Incompatibilidad de caracteres




«¡¡Dimito!! −chilló encendido de ira, al borde mismo del colapso,− ¡¡DI-MI-TO!!». Abandonó la habitación con un portazo y corrió escaleras abajo. Aquel hombre lo sacaba de quicio, lo llevaba al límite de sus fuerzas y lo trastornaba hasta el hartazgo.
Respiró hondo en un vano intento por liberar la rabia que aún tenía atravesada en la garganta y echó a andar. Caminaba sin rumbo maldiciendo con furia su suerte, perplejo y orgulloso a un tiempo por aquel alarido tan impropio de su recalcitrante timidez, cuando se descubrió de pronto frente al Finnegan's Club. Dudó un instante parado en la acera, apenas era mediodía, algo temprano quizá para un primer trago pero a fin de cuentas se lo había ganado, transigió al fin su mala conciencia mientras se adentraba en la alcohólica penumbra del local. Acodó fastidio y desaliento sobre la barra, pidió un whisky sin hielo y con un cigarrillo aún por encender entre los dedos trató de serenarse.
El crimen era su mundo, la violencia y el asesinato su pan de cada día, si no lograba hacerse respetar, si aceptaba las absurdas pretensiones de aquel advenedizo con delirios homicidas, se convertiría al instante en el hazmerreir de la profesión. No era él un hombre arrogante y odiaba parecerlo pero en juego andaba ahora su prestigio y solo eso le importaba.
En cualquier caso, ya nada tenía solución. No había vuelta atrás. La situación era insostenible y demasiado encallecido y viejo estaba ya su ánimo para dejarse humillar.
Aceptaba con honestidad su parte de culpa. En efecto: se sabía suspicaz, testarudo y sensible en exceso, lo incomodaba trabajar en equipo, carecía de habilidades sociales... Pero aquella cortesía desdeñosa, la fría condescendencia hacia su persona que desde hacía un tiempo marcaba el tono de charlas y reuniones, lo tensaba de tal modo que había hecho al fin estallar su indignación.
Pese a todo no debió insultarlo. Llamarlo «gordo bastardo» había estado por completo fuera de lugar, masculló entre dientes con cinismo y sin atisbo alguno de arrepentimiento.
Era su jefe, cierto, pero si una vez tras otra aplastaba con insolencia hasta la más nimia de sus iniciativas, si él mismo planteaba problema y solución ignorando todas sus ideas ¿para qué diablos lo necesitaba?

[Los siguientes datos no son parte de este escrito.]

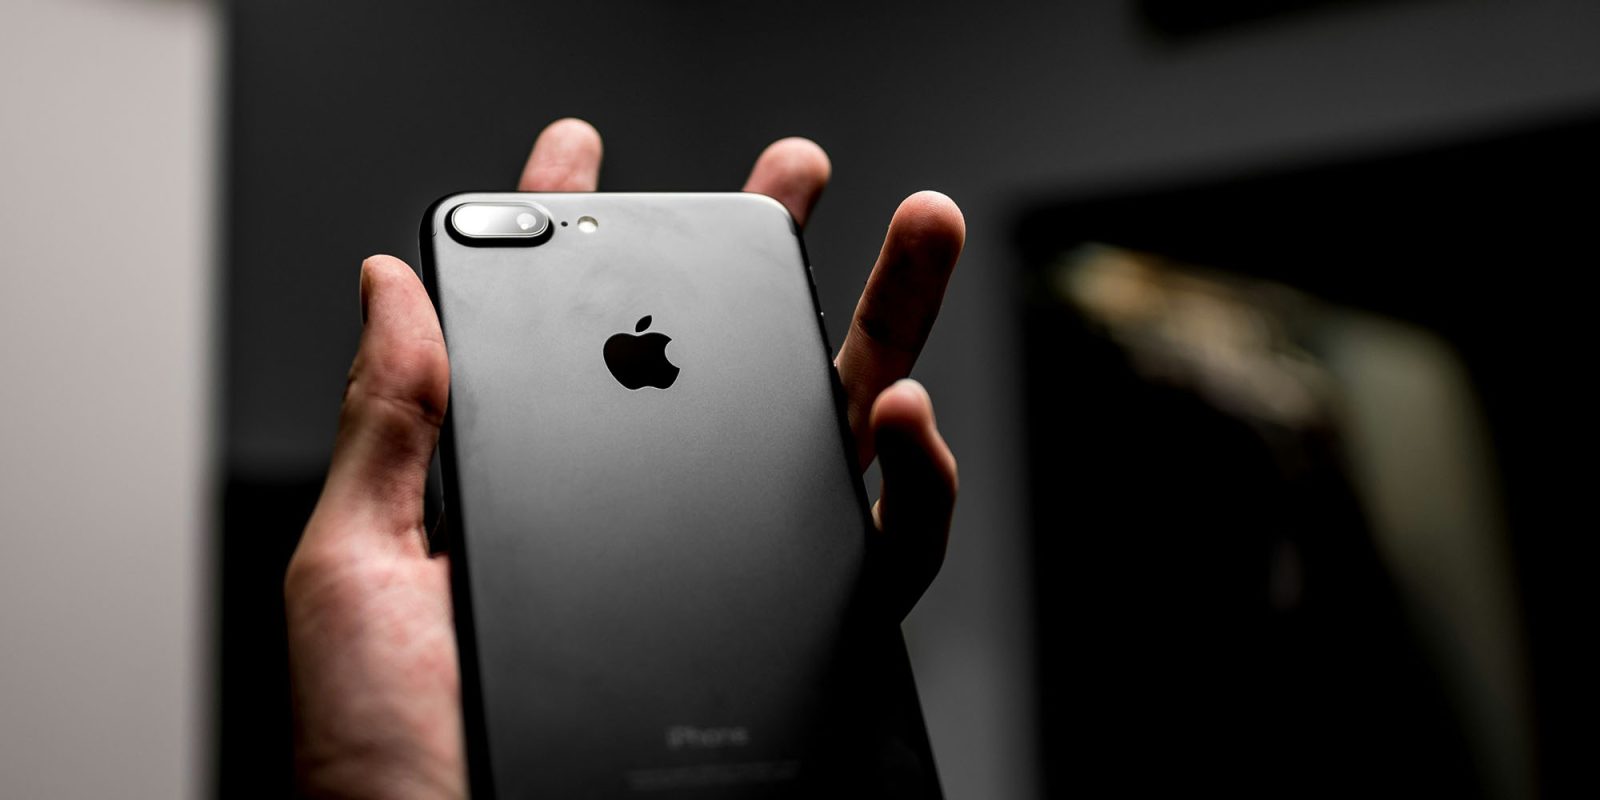 Apple warns of mercenary spyware attacks | Low-key photo of iPhone

Concienzudo y minucioso como era, había trazado un plan, pensado con cuidado cada detalle, puesto lo mejor de su inteligencia al servicio del trabajo encomendado y aquel vejestorio panzudo despojaba ahora a su esfuerzo de sentido, despreciaba su talento y le achacaba una falta de estilo que de ningún modo iba a tolerar. «Lógica y verosimilitud nunca fueron negociables, señor  Hitchcock −musitó apenas para sí con dolorosa decepción.− ¡Y Raymond Chandler merece su respeto, por amor de Dios!»
Hasta la extenuación, día tras día, le había rogado sacrificar parte de aquellos llamativos trucos visuales a los que tan aficionado parecía, en favor de la emoción; en interés de los personajes, de sus motivos y psicología; de la coherencia y el realismo imprescindibles para perfilar un buen relato. Pero fracasó en su empeño y el todopoderoso director había acabado por tirar su guión a la basura. En una película de Hitchcock nunca habría lugar para nada que él mismo no hubiera podido concebir, se consoló al fin Chandler, consciente de haber perdido la batalla.

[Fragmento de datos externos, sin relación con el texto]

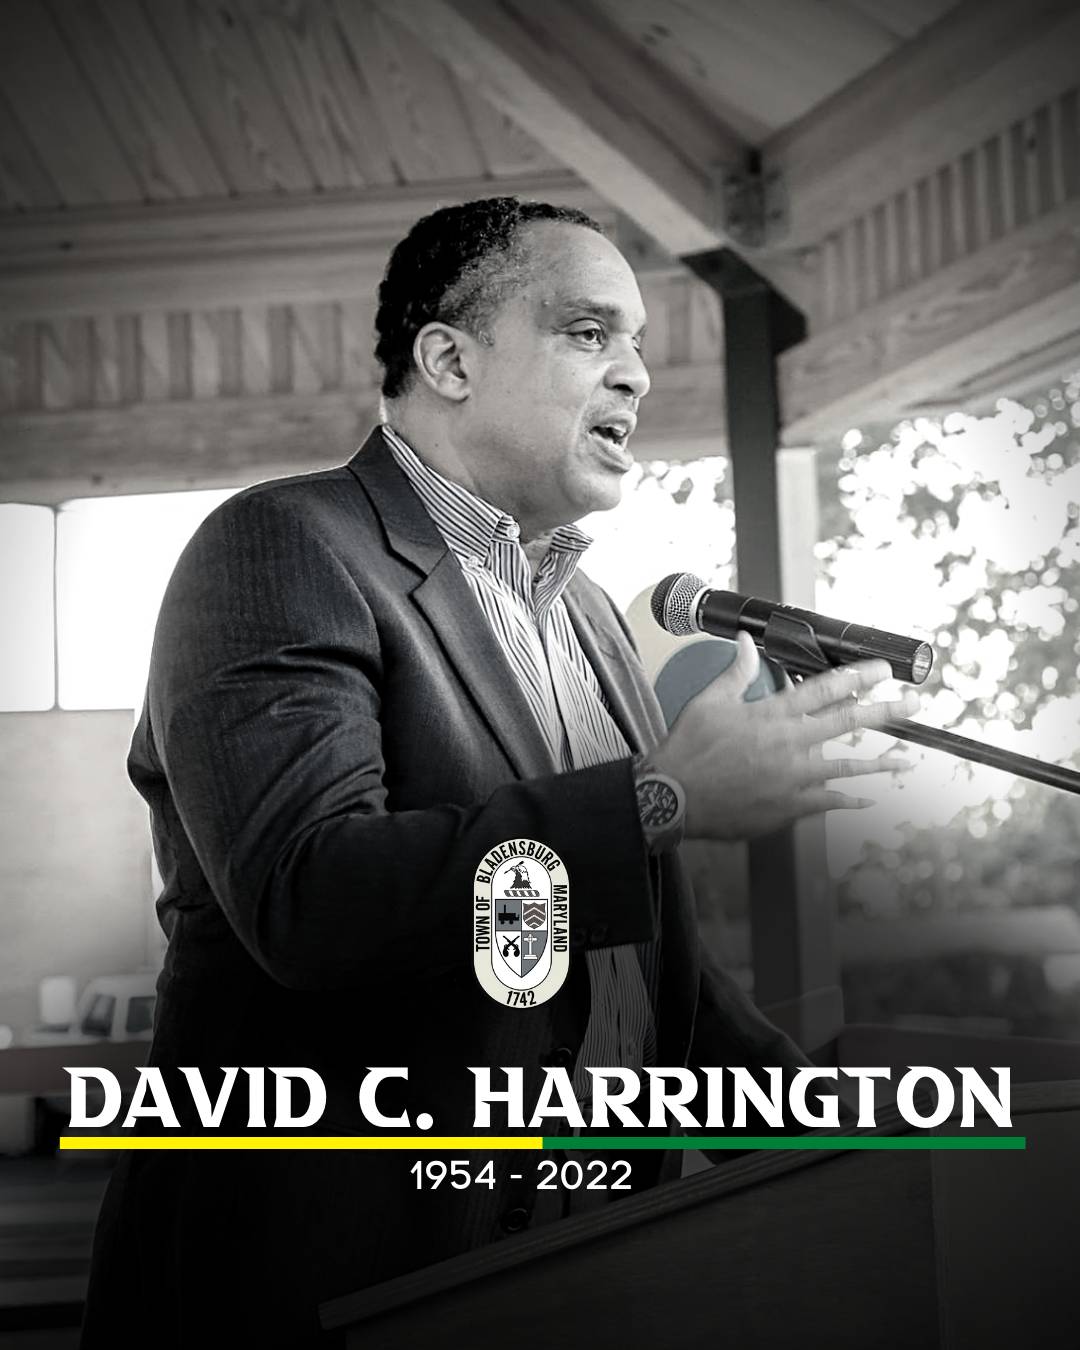 DAVID C. HARRINGTON - Copy (3)

Apuró de un trago su copa y salió a la calle. En un cajón de su escritorio Philip Marlowe dormía el eterno sueño de los justos, recordó de pronto. Esa misma tarde sacaría a su leal detective del aprieto en que lo había dejado atrapado meses atrás, decidió con renovada ilusión mientras un remordimiento de olvido cruzaba su rostro. Ahuyentó de su mente la versión que, en torno al novelesco encuentro de dos extraños en un tren, muy a su pesar dejaba incompleta y deseó en silencio suerte a su suplente. «El pobre diablo va a necesitarla», murmuró con sarcasmo en un súbito relámpago de malicia. 







Mención honorífica certamen enero 2020 "El Tintero de Oro"


Relato publicado en el nº 5 (enero 2020) de la revista "El Tintero de Oro Magazine"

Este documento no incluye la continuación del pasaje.